- **ACTIVITY**
Of the lines in the material below, print only those from the one containing "Uriah Heep - Very 'eavy - Vinil Cover" to the one containing "1d51a3388 Men's Black", ends included, exactly as written and without pictures.

- **RECORDED DATA**
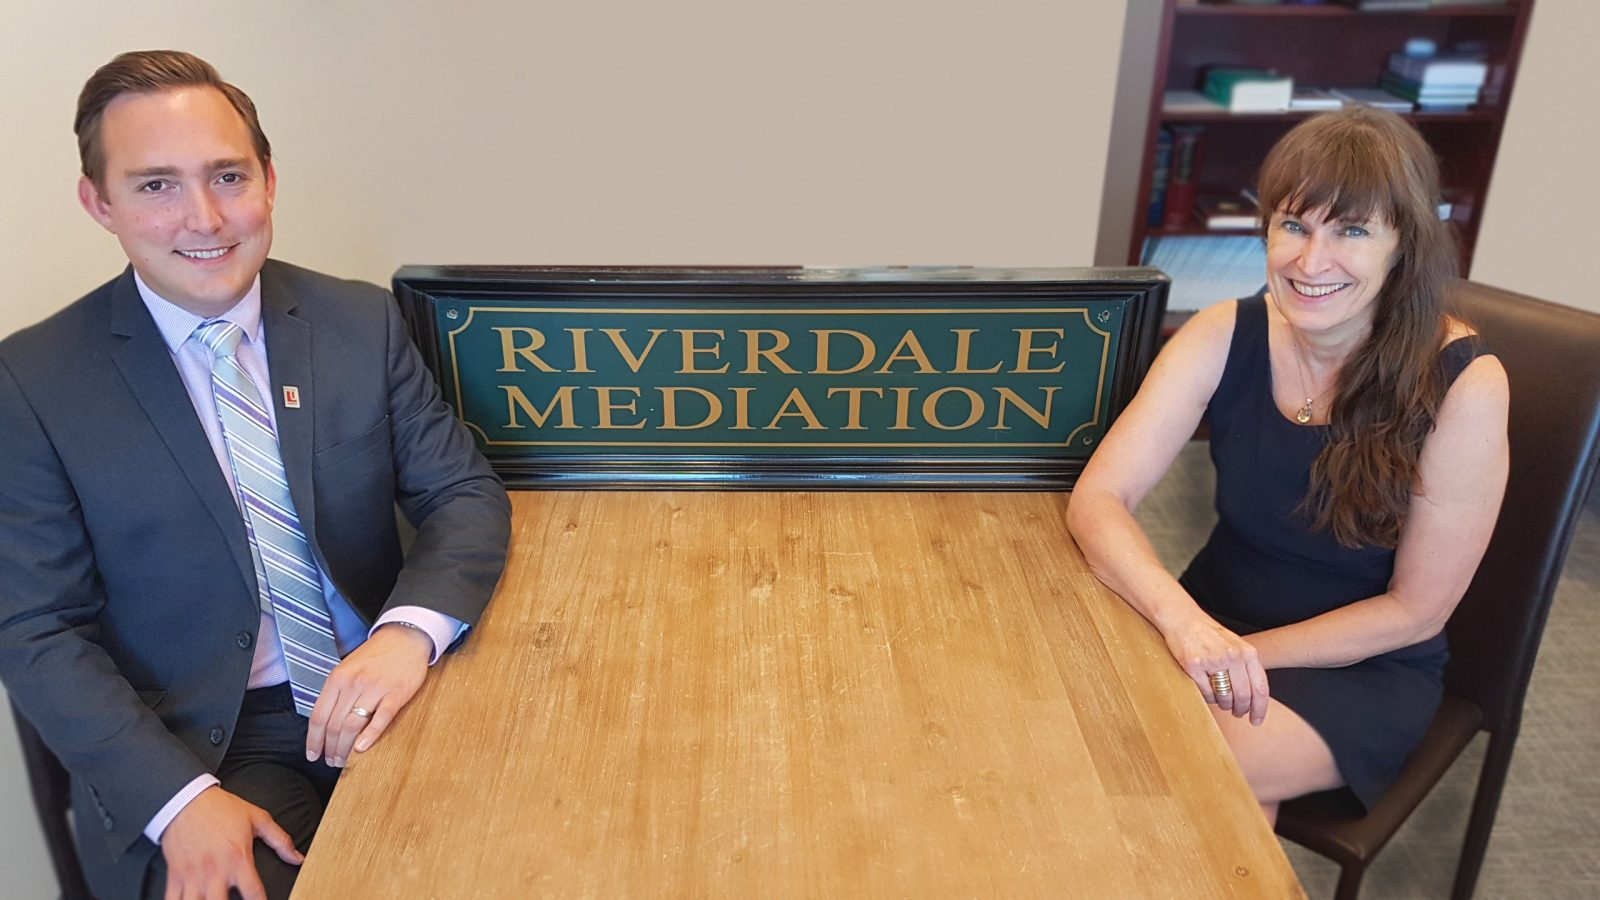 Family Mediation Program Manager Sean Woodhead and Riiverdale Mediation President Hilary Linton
...
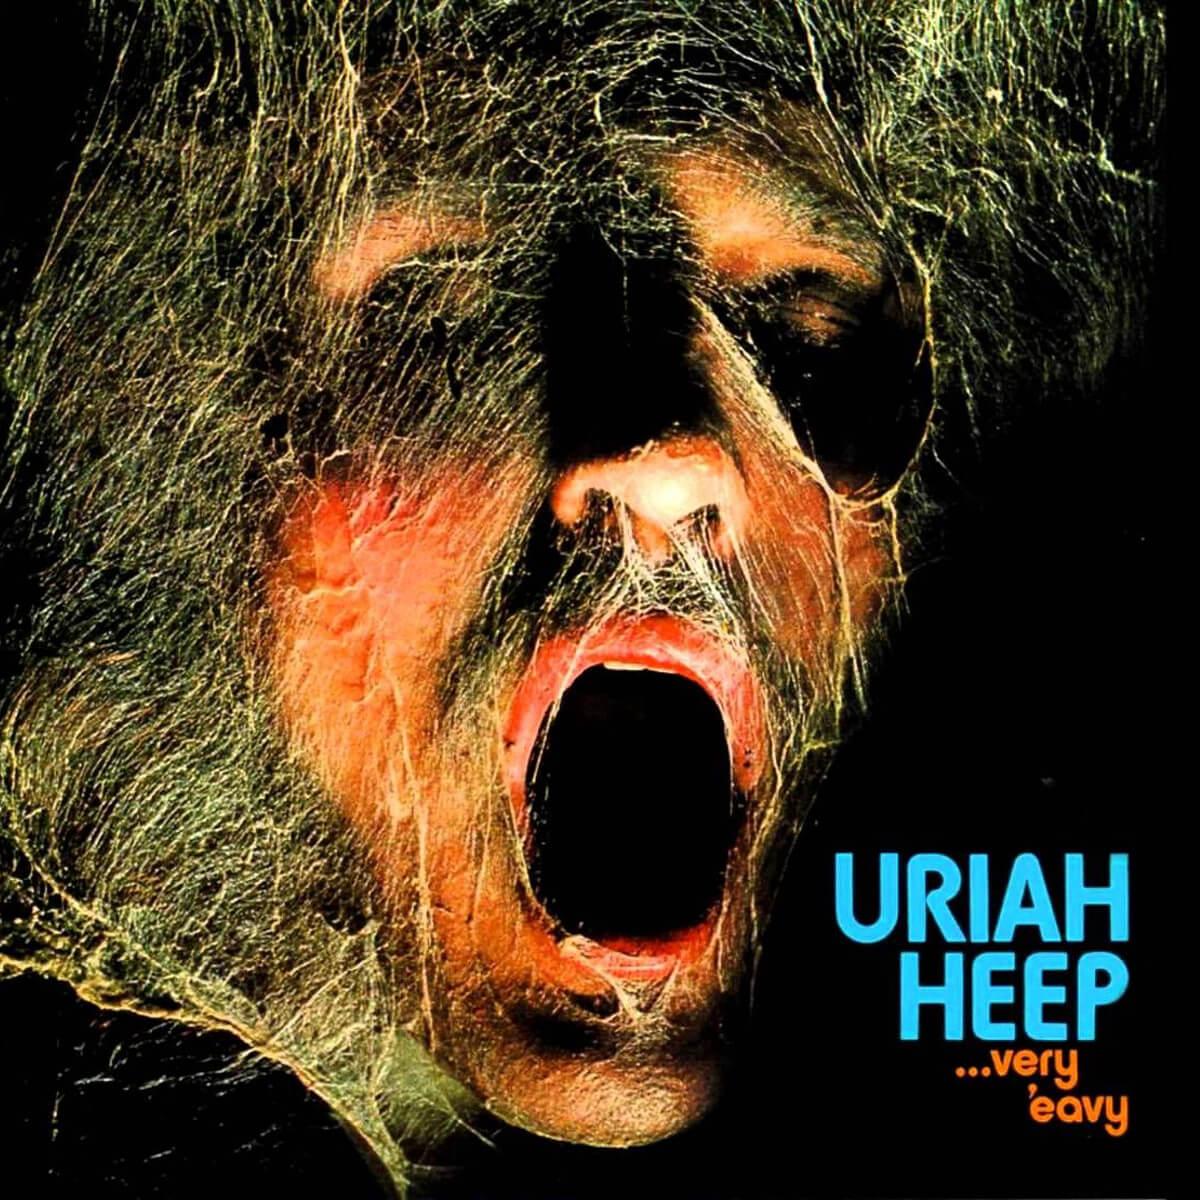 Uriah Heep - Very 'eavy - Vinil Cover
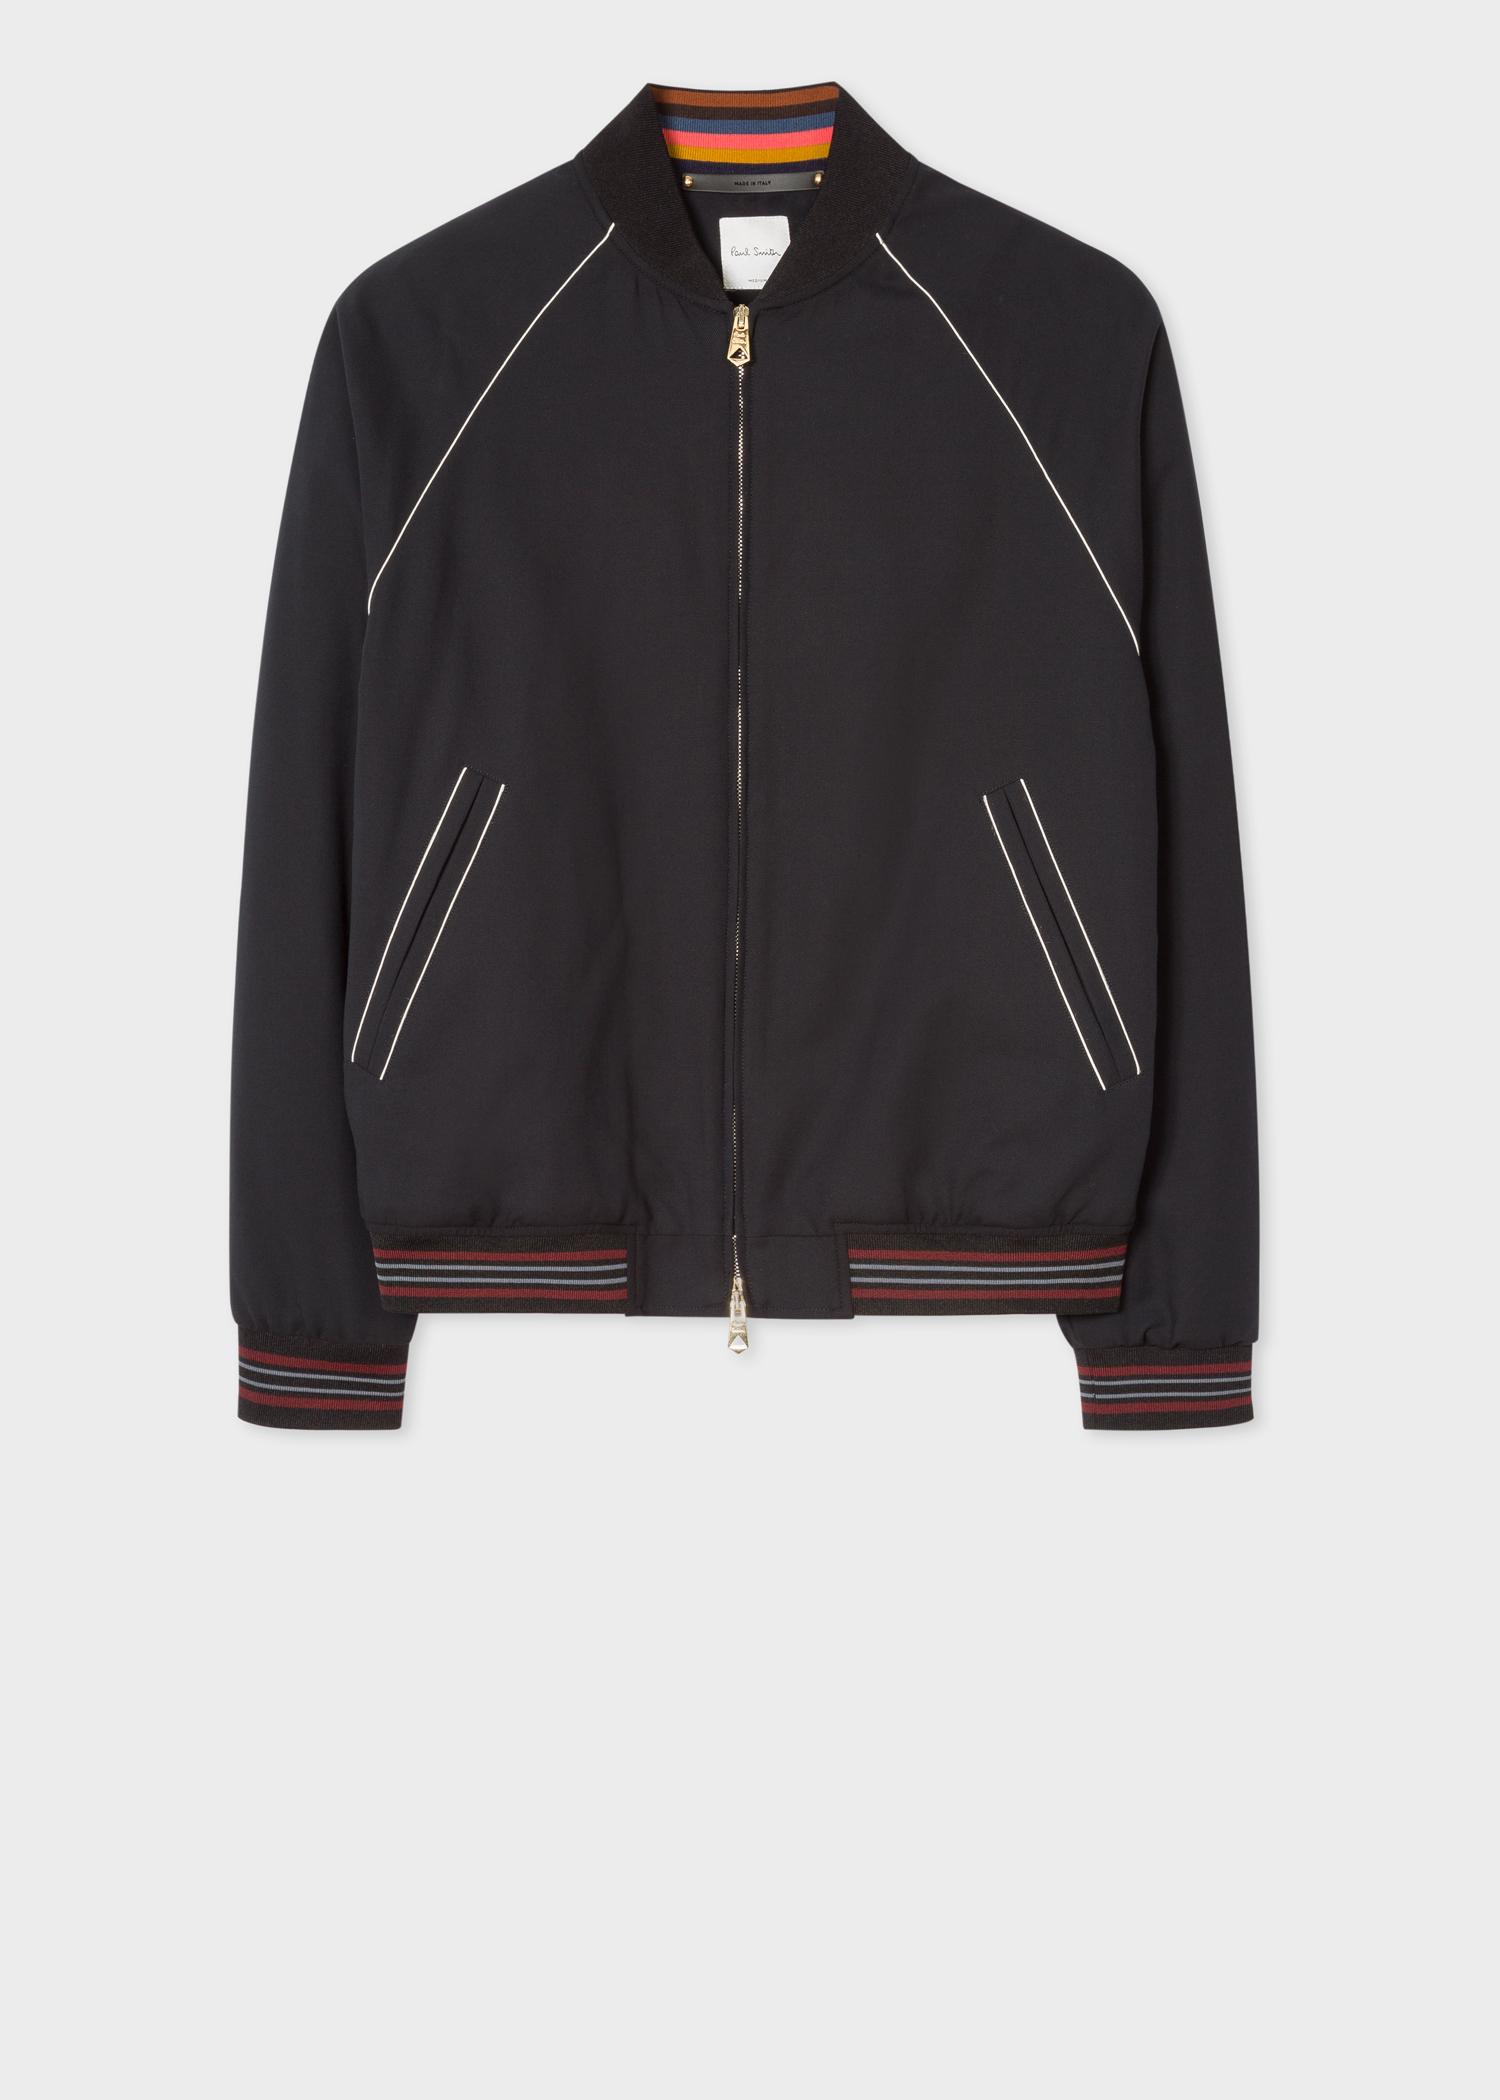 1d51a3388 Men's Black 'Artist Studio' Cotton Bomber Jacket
...
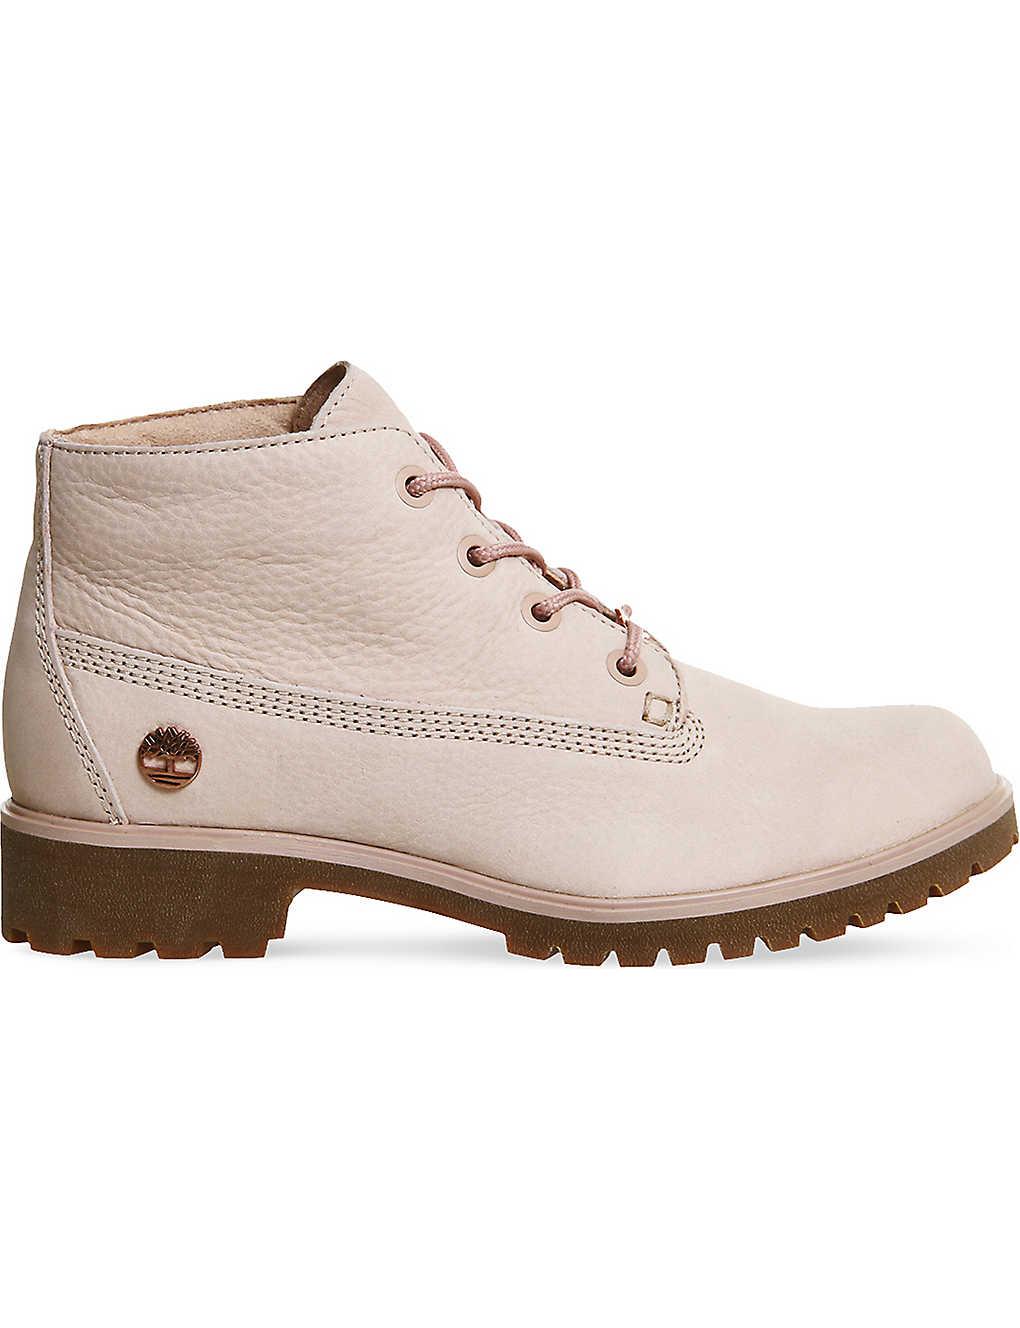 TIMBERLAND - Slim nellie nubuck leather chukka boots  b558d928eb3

- **TASK OUTPUT**
 Uriah Heep - Very 'eavy - Vinil Cover
 1d51a3388 Men's Black 'Artist Studio' Cotton Bomber Jacket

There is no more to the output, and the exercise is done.